The RFProtect capabilities in Aruba Networks’ ArubaOS operating system for Mobility Controllers, along with the company’s AirWave Management System, use deep knowledge of 802.11 WLAN protocols, correlated with information from the wired network, to detect, classify, and block attacks and wireless vulnerabilities. Aruba commissioned Network Test and Brad “RenderMan” Haines, a widely known wireless penetration tester and speaker at security conferences, to assess the effectiveness of its network security products.
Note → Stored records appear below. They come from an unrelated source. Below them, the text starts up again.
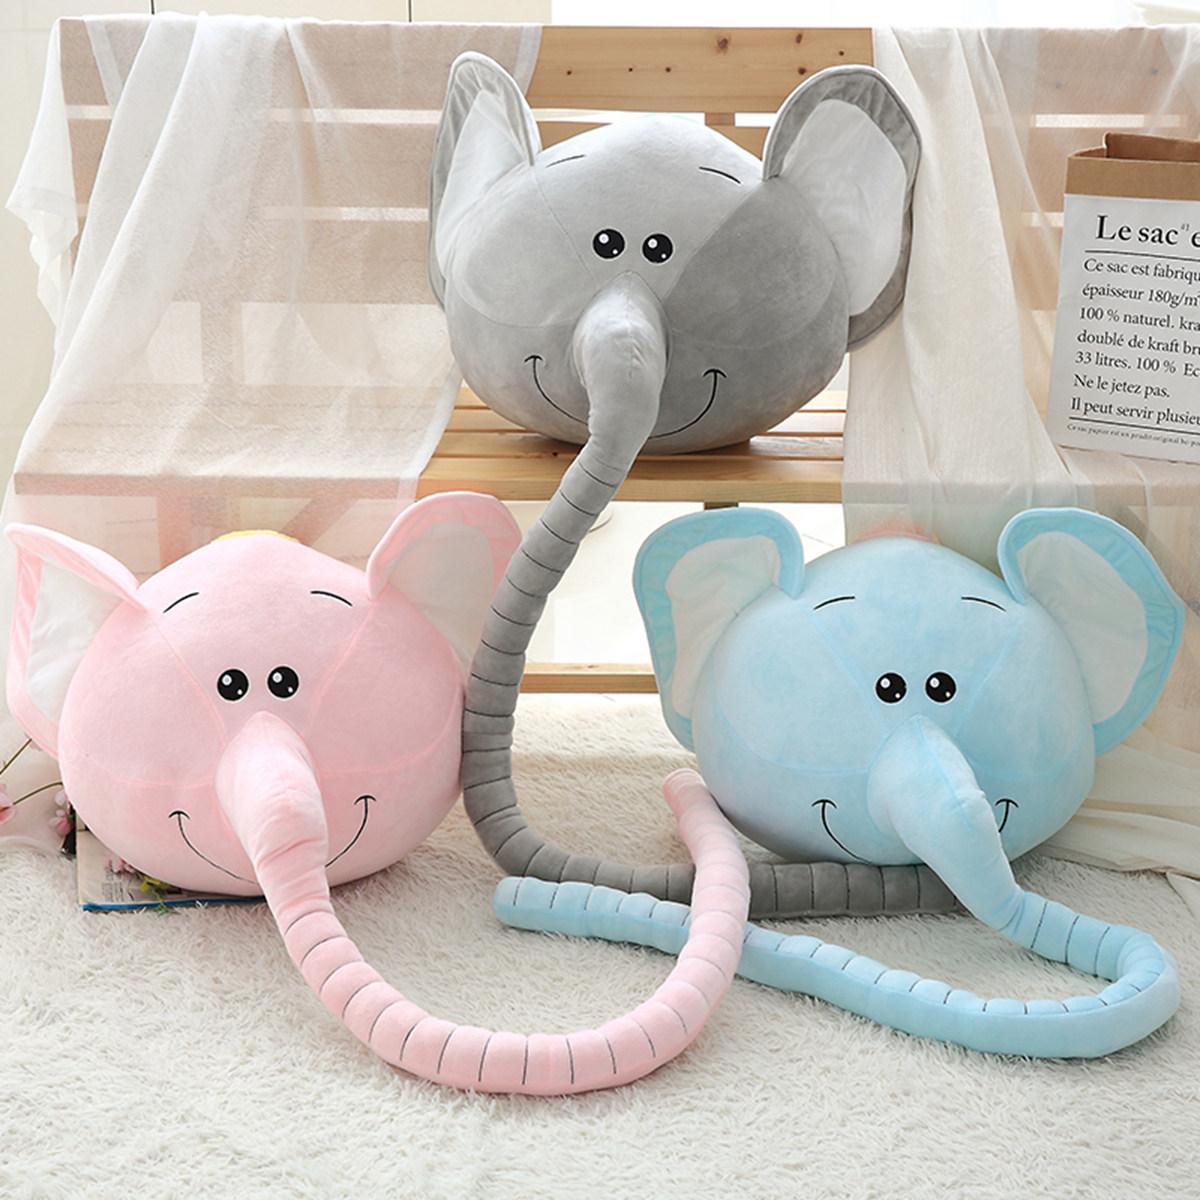 卡通长鼻象抱枕公仔长鼻子大象毛绒玩具丑萌娃娃睡觉枕头沙发靠垫
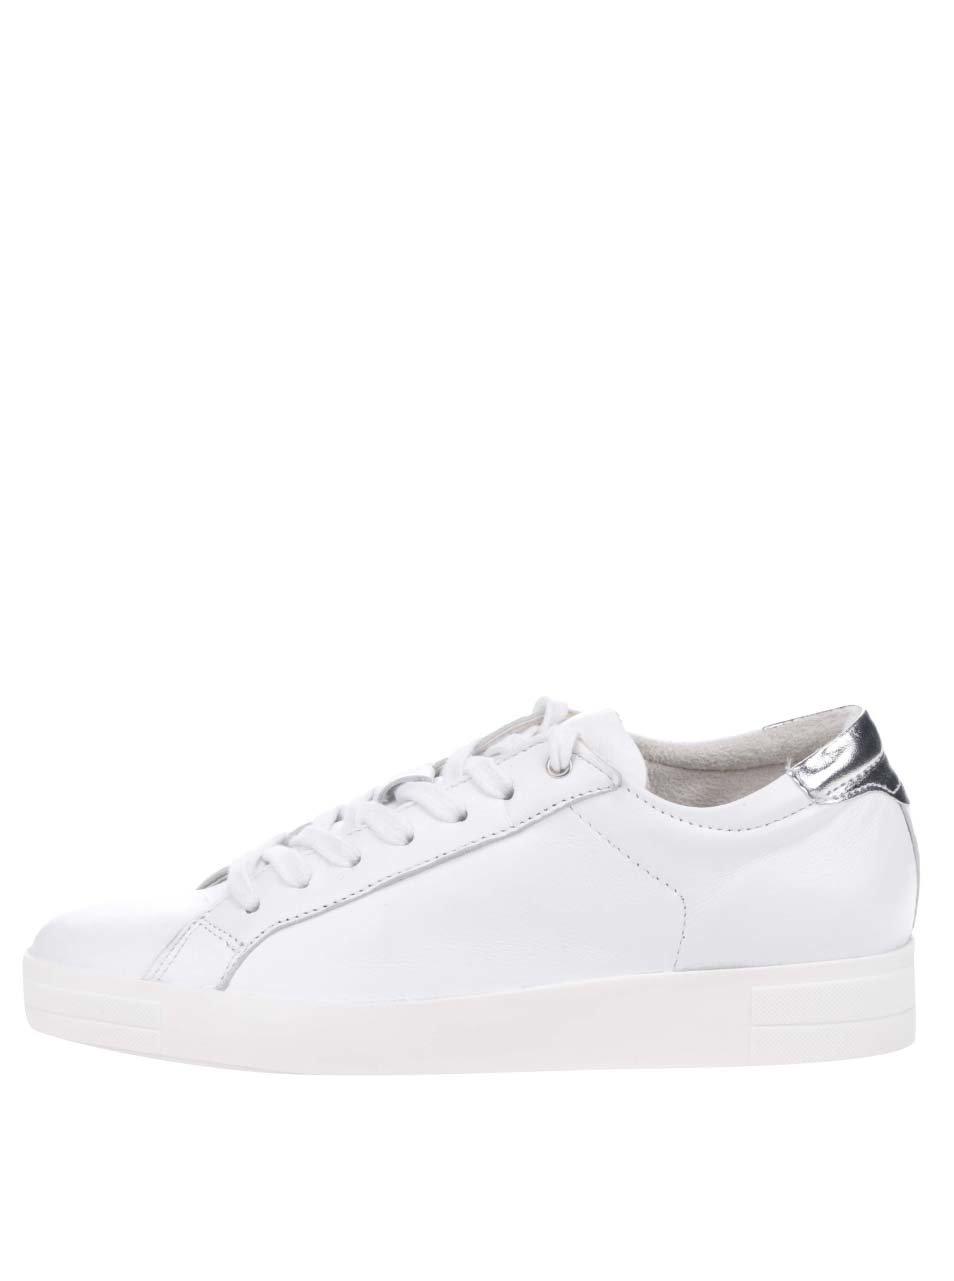 Bílé kožené tenisky s detaily ve stříbrné barvě Tamaris ŽENY   Boty    tenisky 7741ab5a8b2
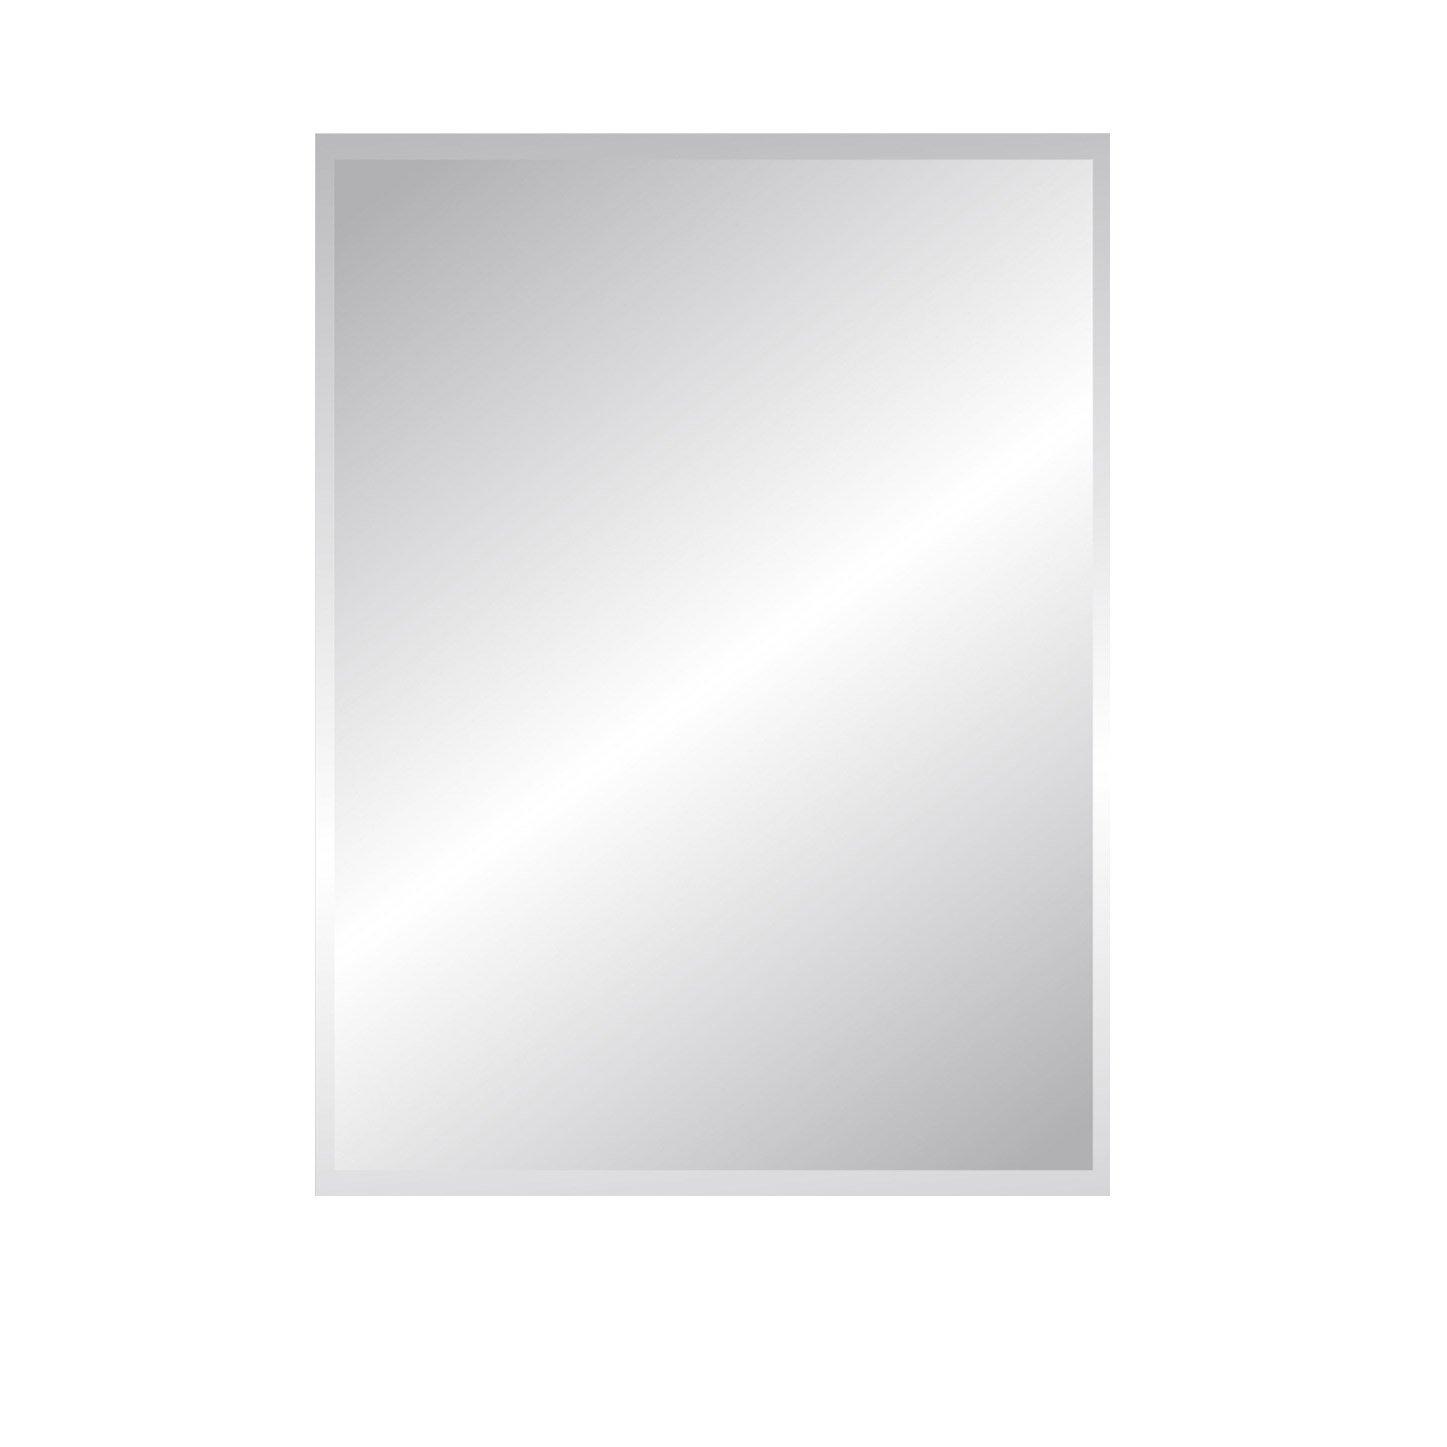 Miroir Non Lumineux Découpé Rectangulaire L 60 X L 80 5 Cm Biseauté

Tests involved a battery of published and unpublished attacks, all conducted on a 20,000-square-foot over-the-air test bed.
Among the key findings of the security tests:
- ArubaOS and AirWave correctly detected 11 different forms of rogue APs
- In all cases attempted, multiple wireless intrusion detection (WIP) sensors – both Access Points and Air Monitors – simultaneously detected unauthorized devices and actions.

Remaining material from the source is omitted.